Вместо ответа она закатила ему звонкую оплеуху.

— Это мне ничего не объясняет! — заметил Уленшпигель.

Она заплакала навзрыд.

— Неле, — сказал он, — разве теперь принято ставить фонтаны на окраинах?

— Уйди! — сказала она.

— Как же я могу уйти от тебя, девочка, когда ты плачешь, не осушая глаз?

— И вовсе я не девочка, и вовсе я не плачу! — отрезала Неле.

— Нет, нет, ты не плачешь, — у тебя вода льется из глаз.

— Уйдешь ты или нет? — спросила она.

— Не уйду, — отвечал он.

Она дрожащими руками теребила свой мокрый от слез передник.

— Неле, — снова обратился к ней Уленшпигель, — скоро распогодится?

Он смотрел на нее с доброй-доброй улыбкой.

— А тебе что? — спросила она.

— А то, что когда погода хорошая, то слезы не текут, — отвечал Уленшпигель.

— Ступай к своей красавице в парчовом платье — ее и весели, — сказала она.

Но Уленшпигель запел:


Если милая заплачет,
Сердце рвется у меня,
Смех ее подобен меду,
Слезы милой — жемчуга.
Как она мне дорога!
За ее здоровье выпить
Я лувенского хочу,
За ее здоровье выпить,
Если Неле улыбнется.

— Подлый ты человек! — сказала она. — Еще насмехаешься надо мной!

— Нет, Неле, — возразил Уленшпигель, — я человек, но не подлый: у нашего почтенного рода — рода старшин — есть герб, и на нем, на поле цвета bruinbier'а, изображены три серебряные кружки. А скажи, пожалуйста, Неле, неужто во Фландрии кто сеет поцелуи, тот пожинает затрещины?

— Я с тобой не разговариваю, — объявила Неле.

— Не разговариваешь, а сама раскрываешь рот и говоришь.

— Это потому, что я на тебя зла, — призналась Неле.

Уленшпигель слегка толкнул ее локтем в бок и сказал:

— Поцелуй злючку — невзлюбит, дай тычка — приголубит. А ну, девчурка, я ж тебе дал тычка — приголубь меня!

Неле обернулась. Он раскрыл объятия — все еще плача, она кинулась к нему на шею и сказала:

— Ты больше не пойдешь туда, Тиль?

Но он ничего ей не ответил — ему было не до того; он сжимал ее дрожащие пальчики и осушал губами крупные капли горючих слез, ливнем хлынувших у нее из глаз.

28

Между тем доблестный город Гент отказался платить подать, которую наложил его уроженец — император Карл. Карл разорил Гент — платить ему было нечем. Это было тяжкое преступление, и Карл порешил сам учинить над ним расправу.

Сыновняя плеть больнее хлещет по отцовской спине, чем всякая другая.

Враг Карла, Франциск Длинноносый, предложил ему пройти через Францию.
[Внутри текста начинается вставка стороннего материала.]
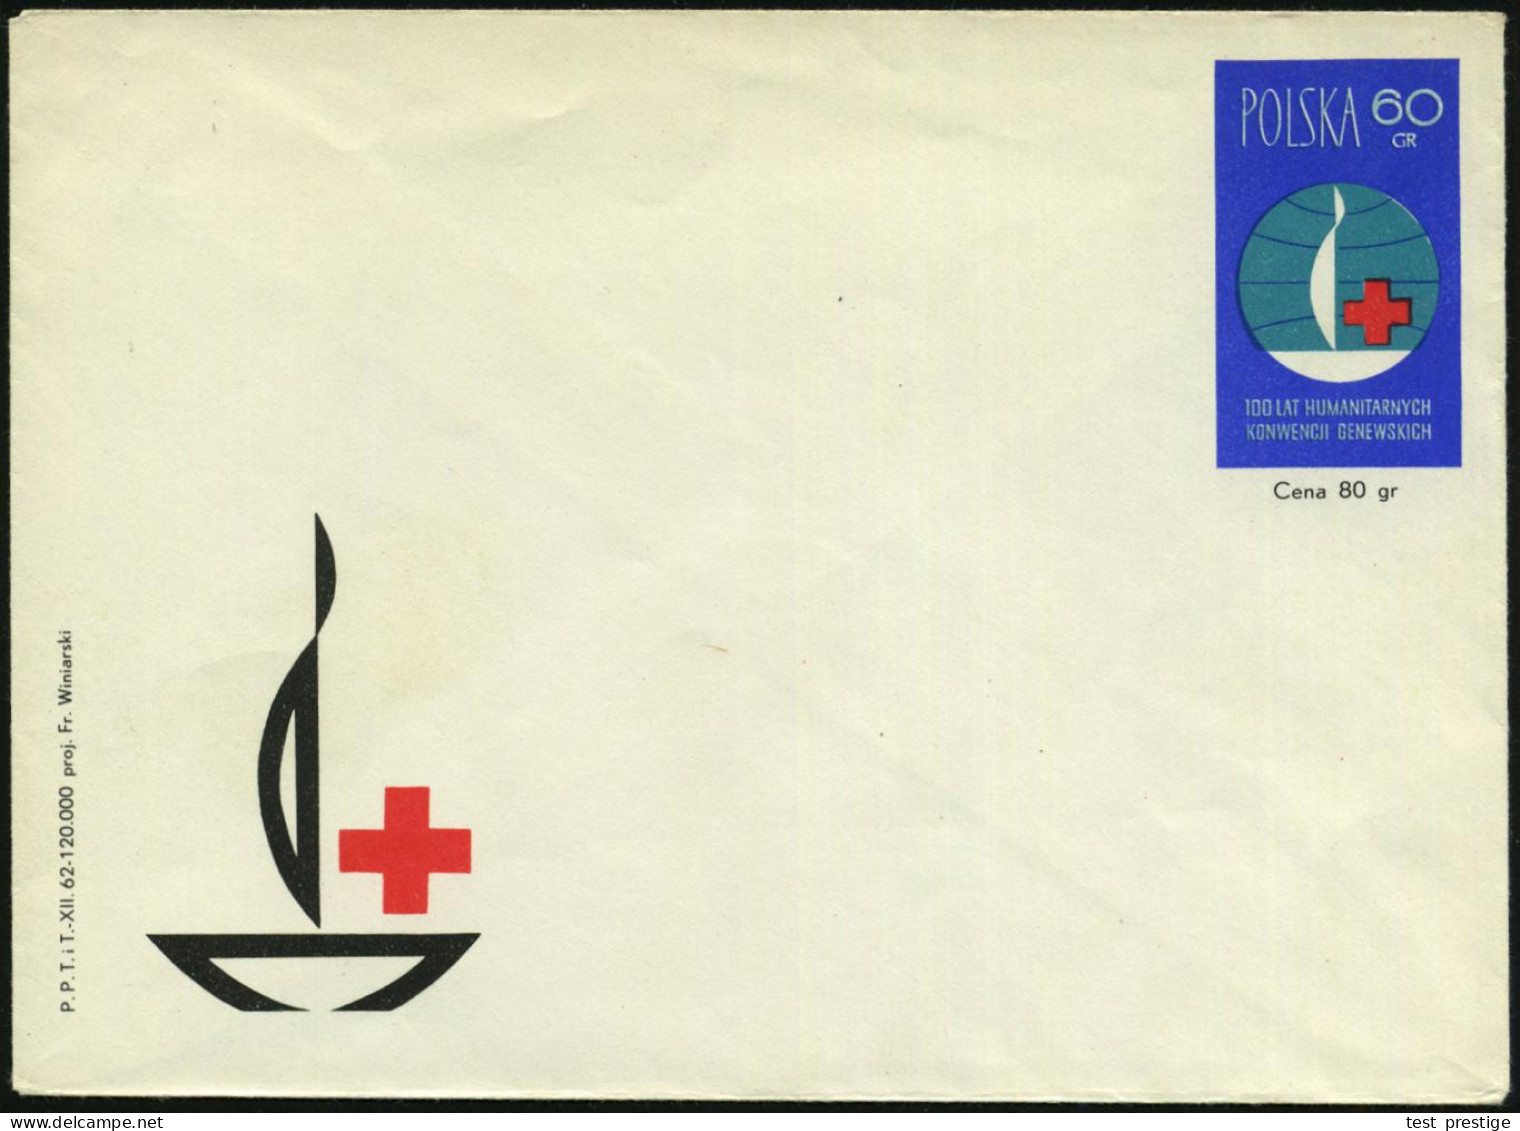 POLEN 1962 40 Gr. Sonder-P U. 60 Gr. Sonder-U: 100 Jahre Genfer Konvention (Rotkreuz-Flammenschale) Je Ungebr., 2 Belege - Red Cross
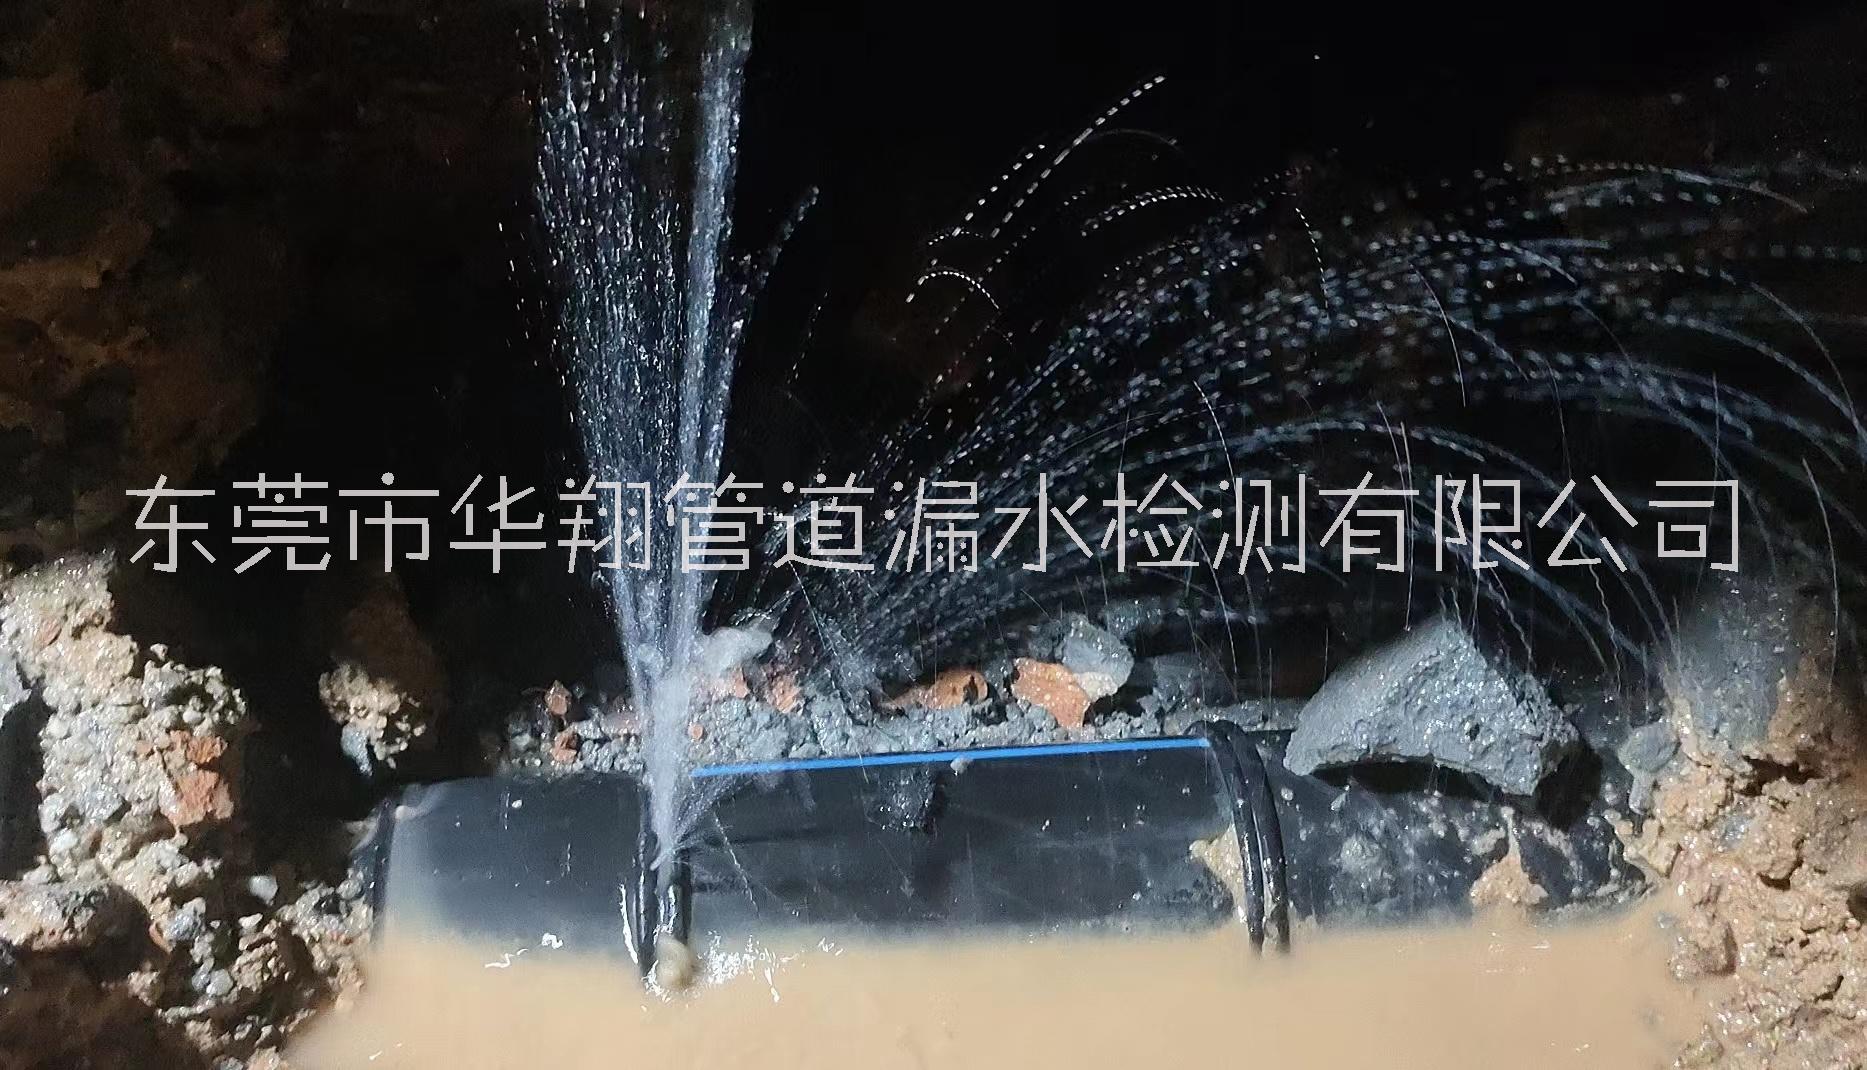 东莞市消防单位供水管普查探测厂家

Карл согласился, и, вместо того чтобы заточить его в тюрьму, с ним там носились и воздавали ему царские почести. В борьбе против народов государи считают своим монаршим долгом объединиться.

Карл надолго задержался в Валансьенне и все это время не показывал виду, что гневается. Его родной Гент жил спокойно, будучи уверен, что император простит ему его законное действие.

Карл, однако ж, с четырьмя тысячами всадников подступал к стенам города. С ним были Альба и принц Оранский. Простои народ и мелкие ремесленники сговорились не допустить этого сыновнего визита, для чего подняли на ноги восемьдесят тысяч горожан и селян. Однако зажиревшие купцы, так называемые hooghpoorter'ы, из страха, что народ возьмет власть в свои руки, воспротивились. А между тем Гент вполне мог бы разбить в пух и в прах своего сына и его четыре тысячи всадников. Но Гент любил своего сына; даже ремесленники и те вновь в него поверили.

Карл же любил не самый Гент, а те деньги, которые он от него получил в свое время, но этих денег ему было мало.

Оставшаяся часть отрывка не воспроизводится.